Ignoring the images, restate the records below word for word.

(Task input Opens)

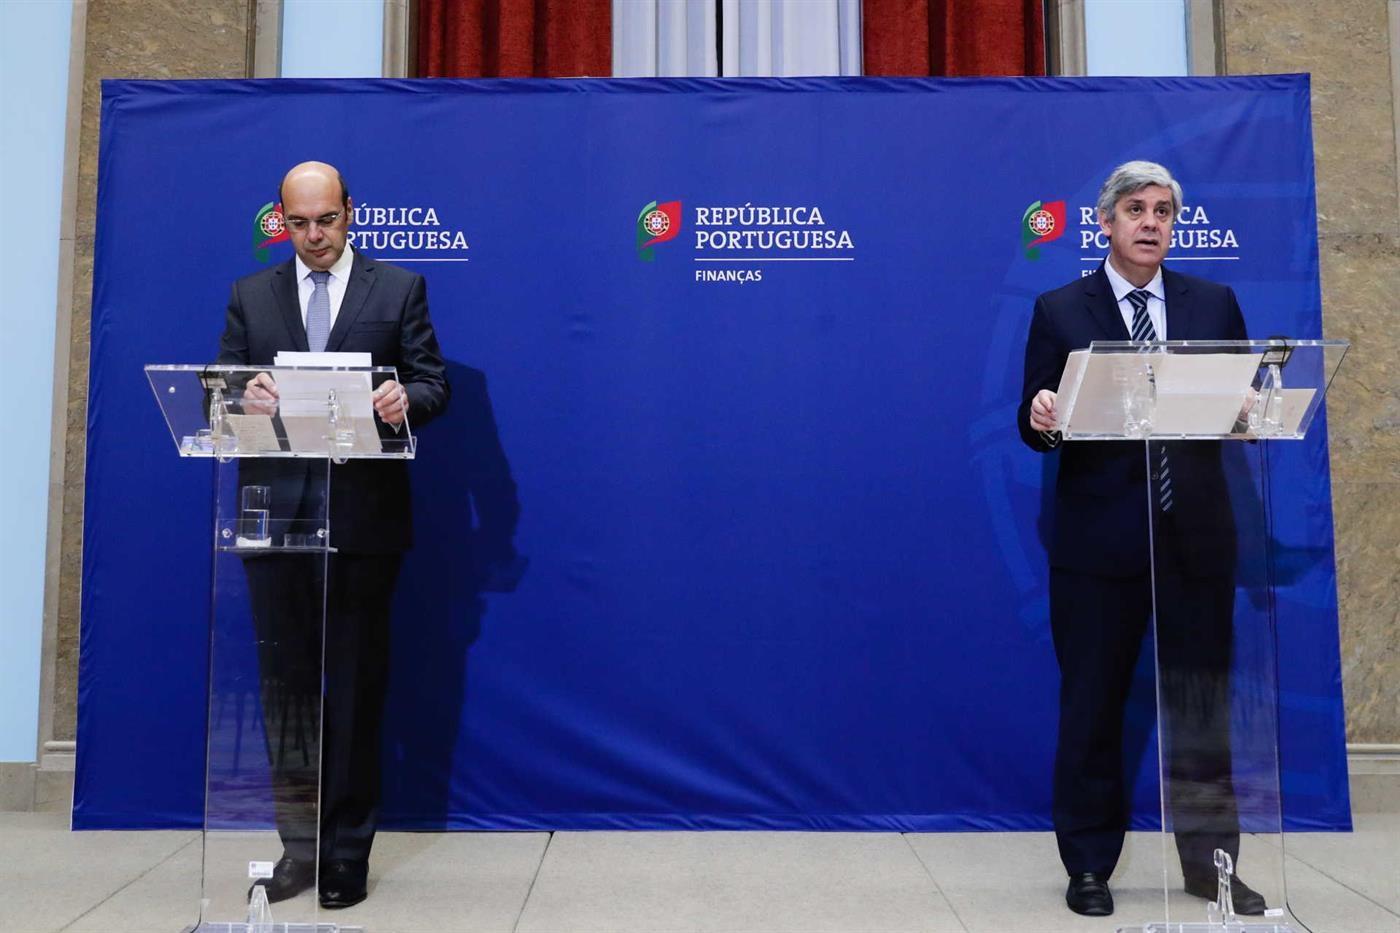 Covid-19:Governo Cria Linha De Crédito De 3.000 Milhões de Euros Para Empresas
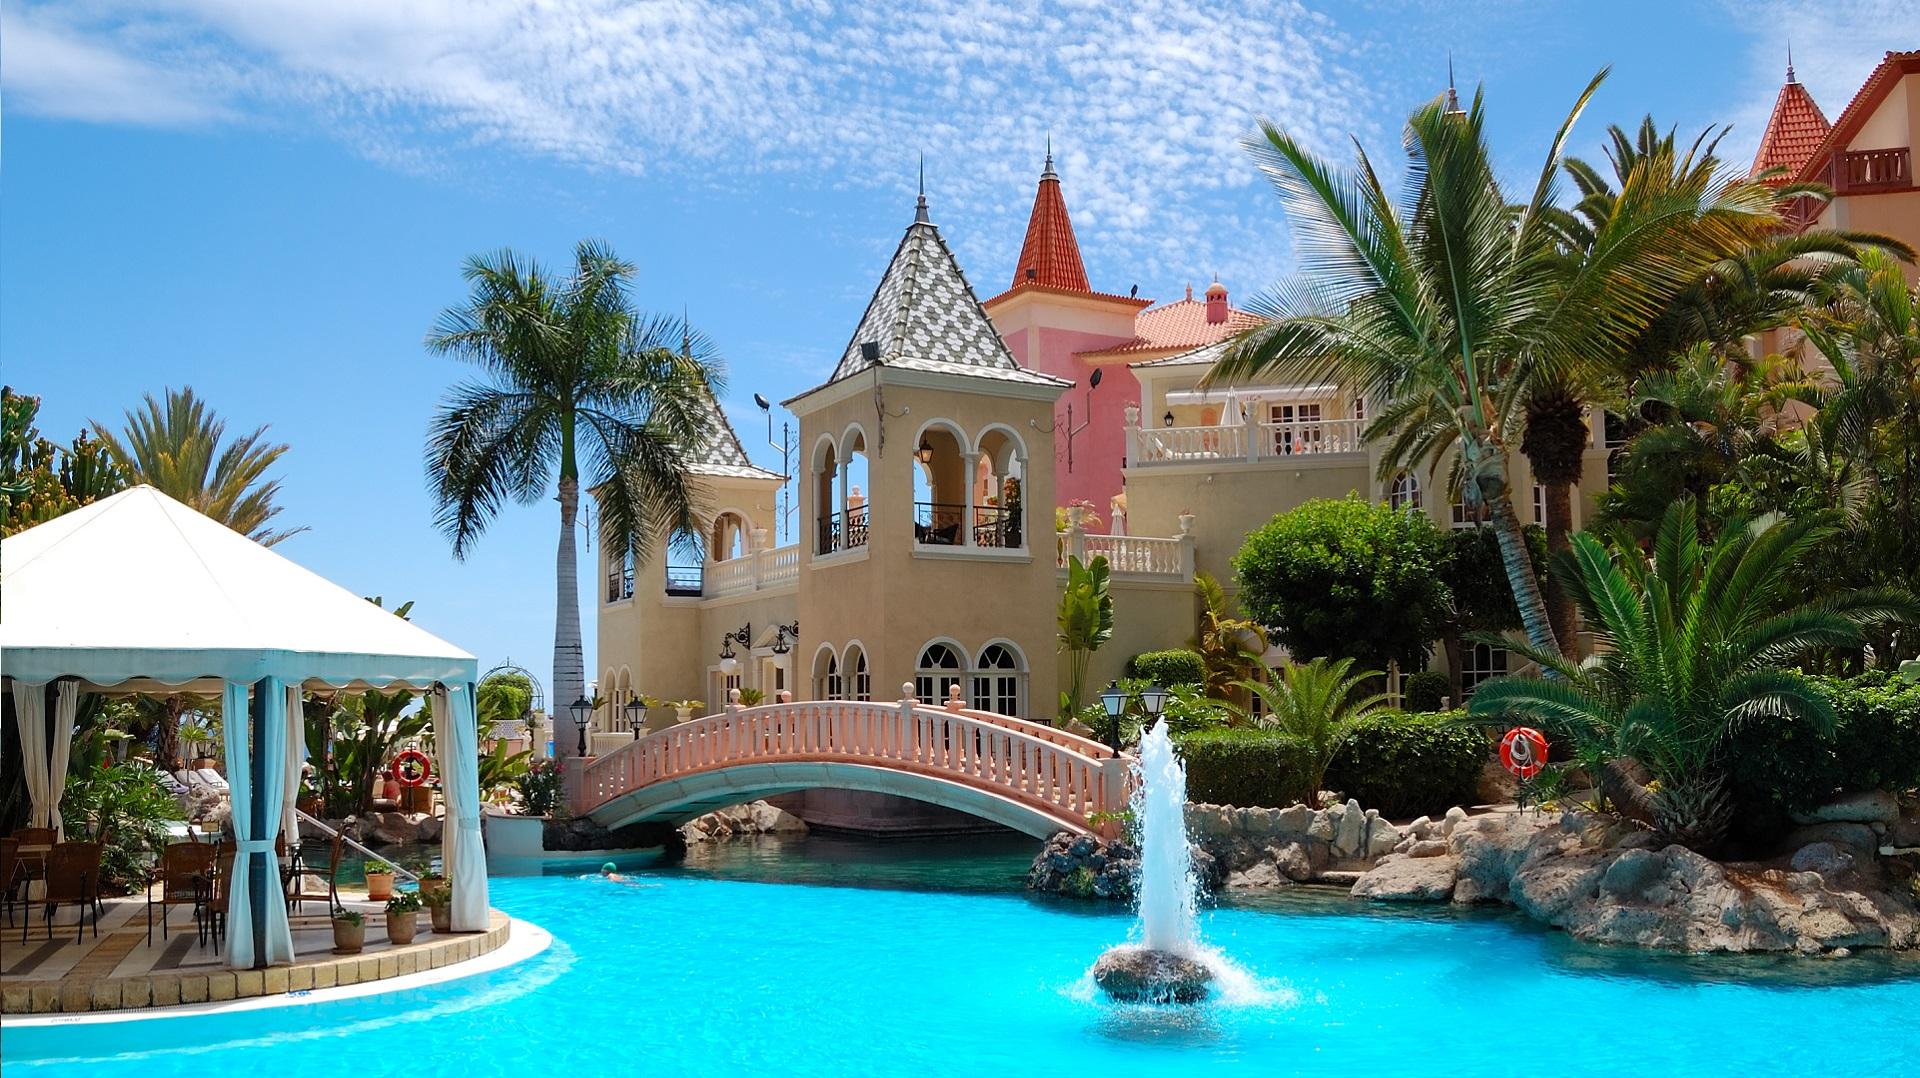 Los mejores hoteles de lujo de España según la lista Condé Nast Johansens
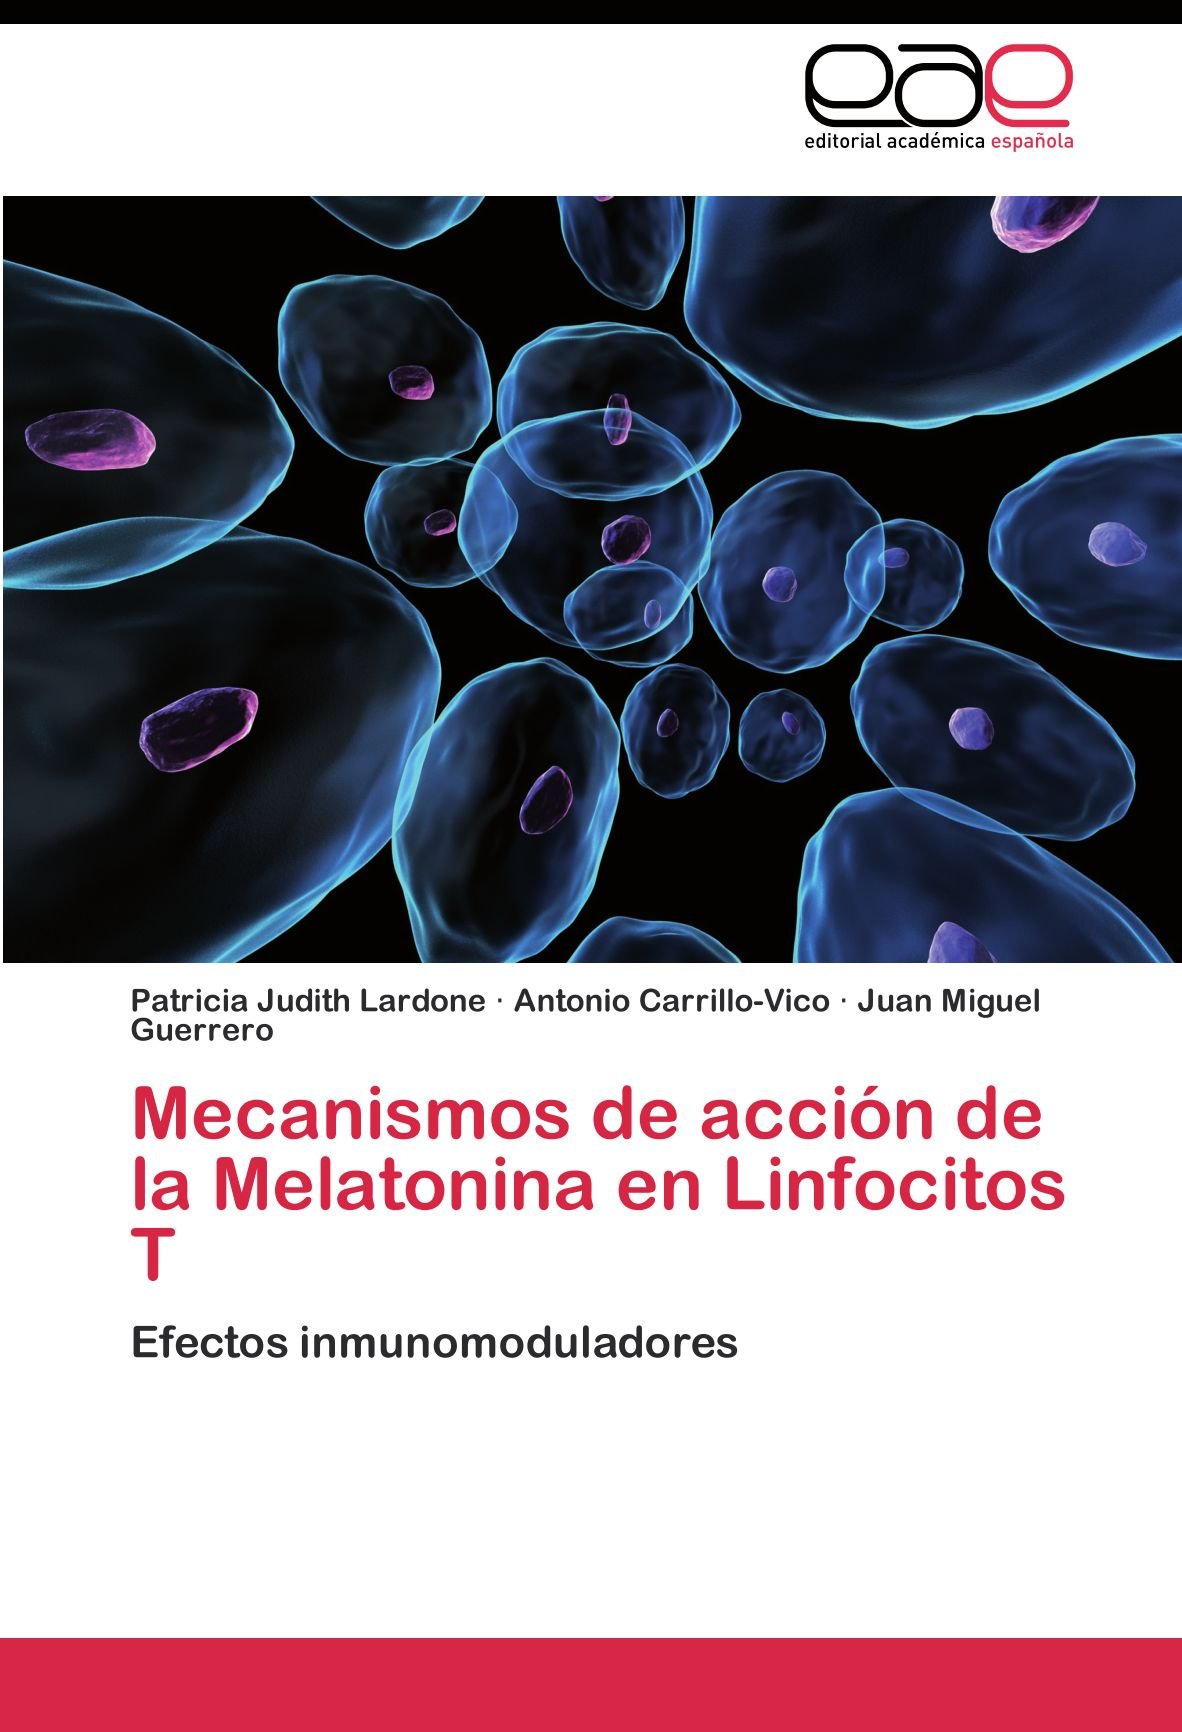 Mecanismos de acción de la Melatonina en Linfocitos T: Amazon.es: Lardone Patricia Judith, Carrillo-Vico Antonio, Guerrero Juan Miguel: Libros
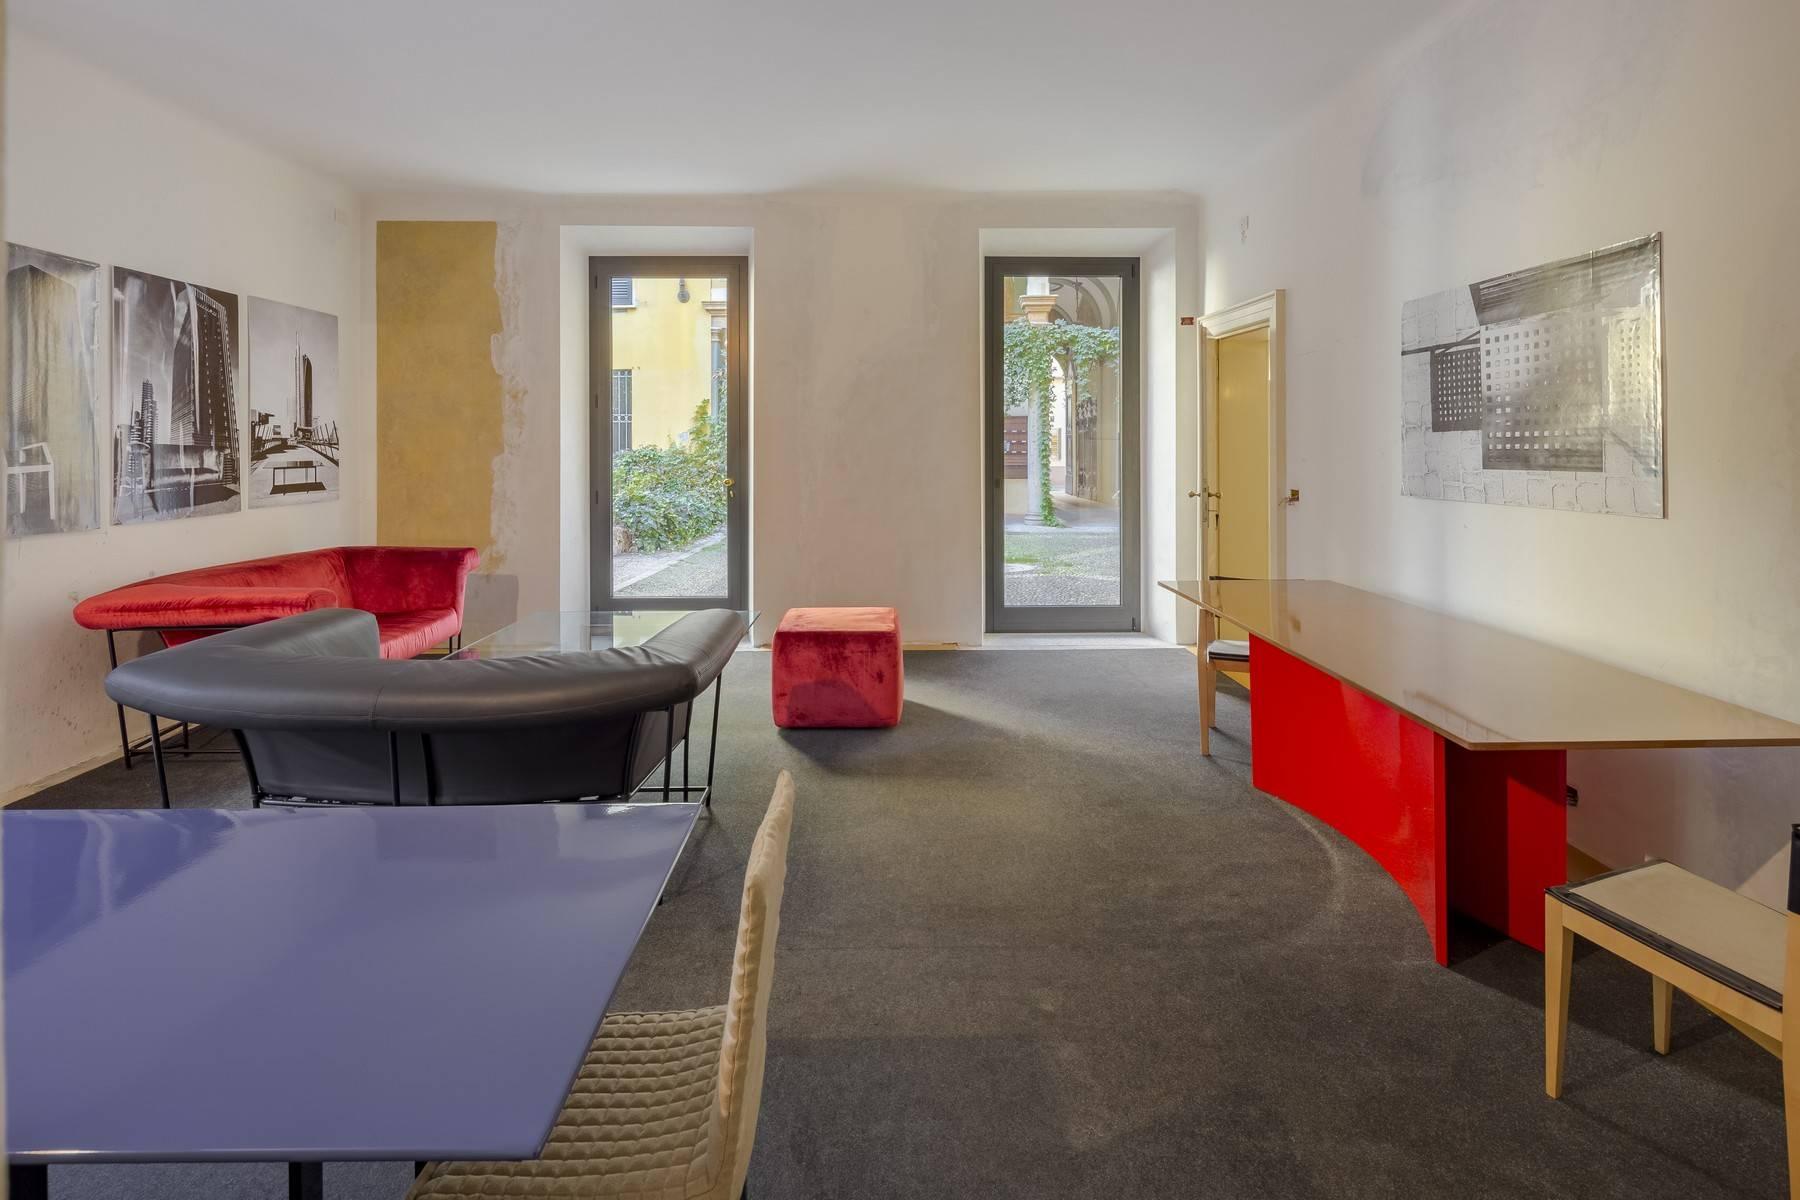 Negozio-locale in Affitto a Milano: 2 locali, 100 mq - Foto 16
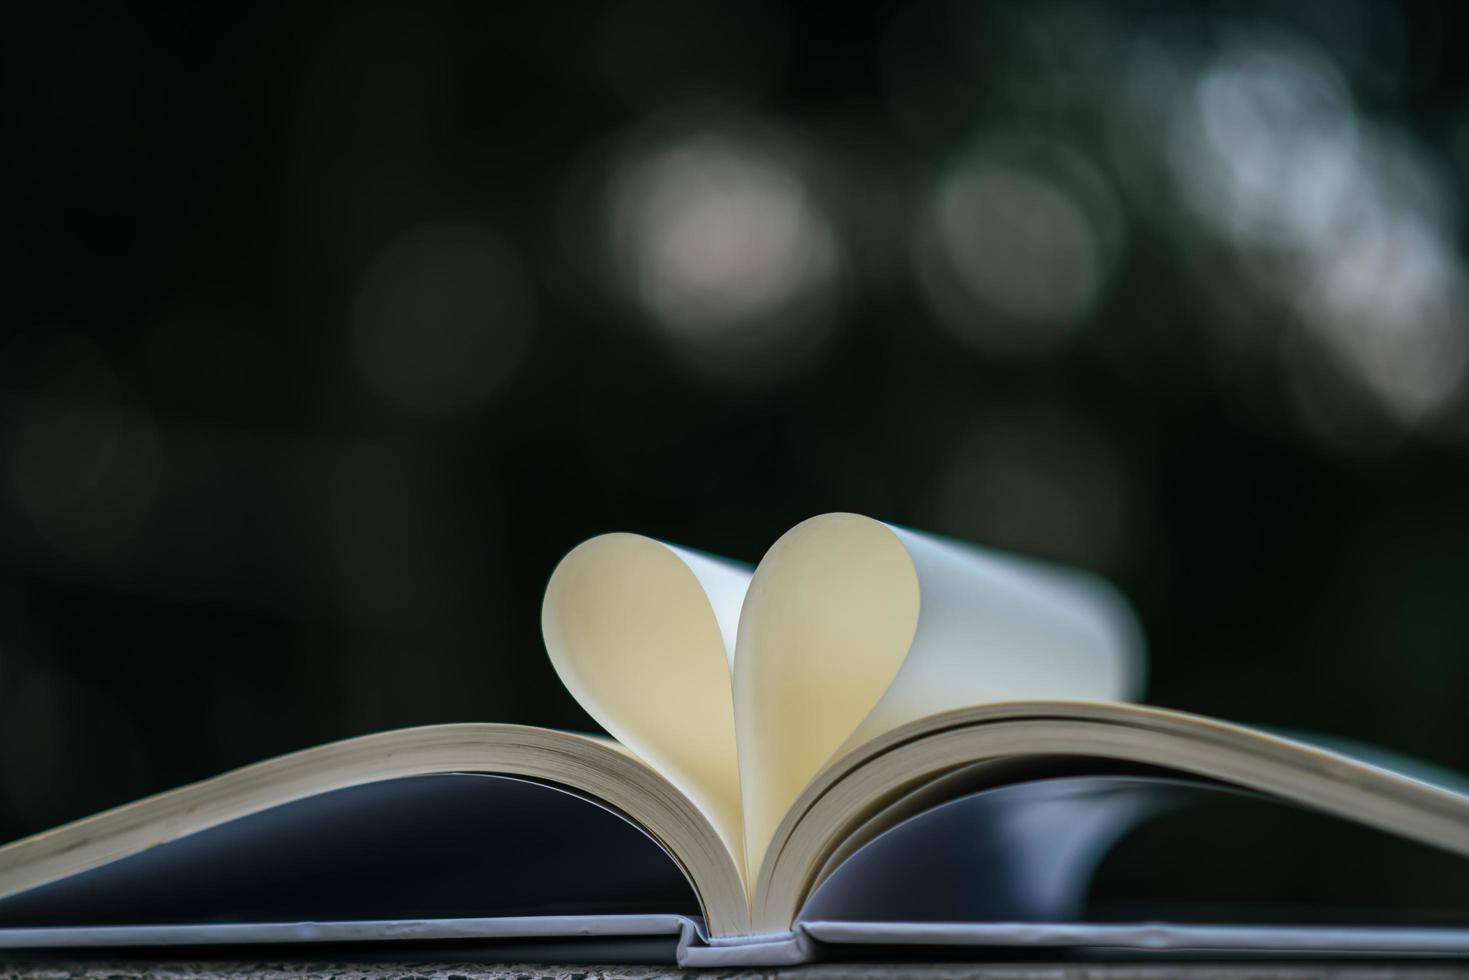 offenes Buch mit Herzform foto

(Task input Closes)

### Task result
 Covid-19:Governo Cria Linha De Crédito De 3.000 Milhões de Euros Para Empresas
 Los mejores hoteles de lujo de España según la lista Condé Nast Johansens
 Mecanismos de acción de la Melatonina en Linfocitos T: Amazon.es: Lardone Patricia Judith, Carrillo-Vico Antonio, Guerrero Juan Miguel: Libros
 Negozio-locale in Affitto a Milano: 2 locali, 100 mq - Foto 16
 offenes Buch mit Herzform foto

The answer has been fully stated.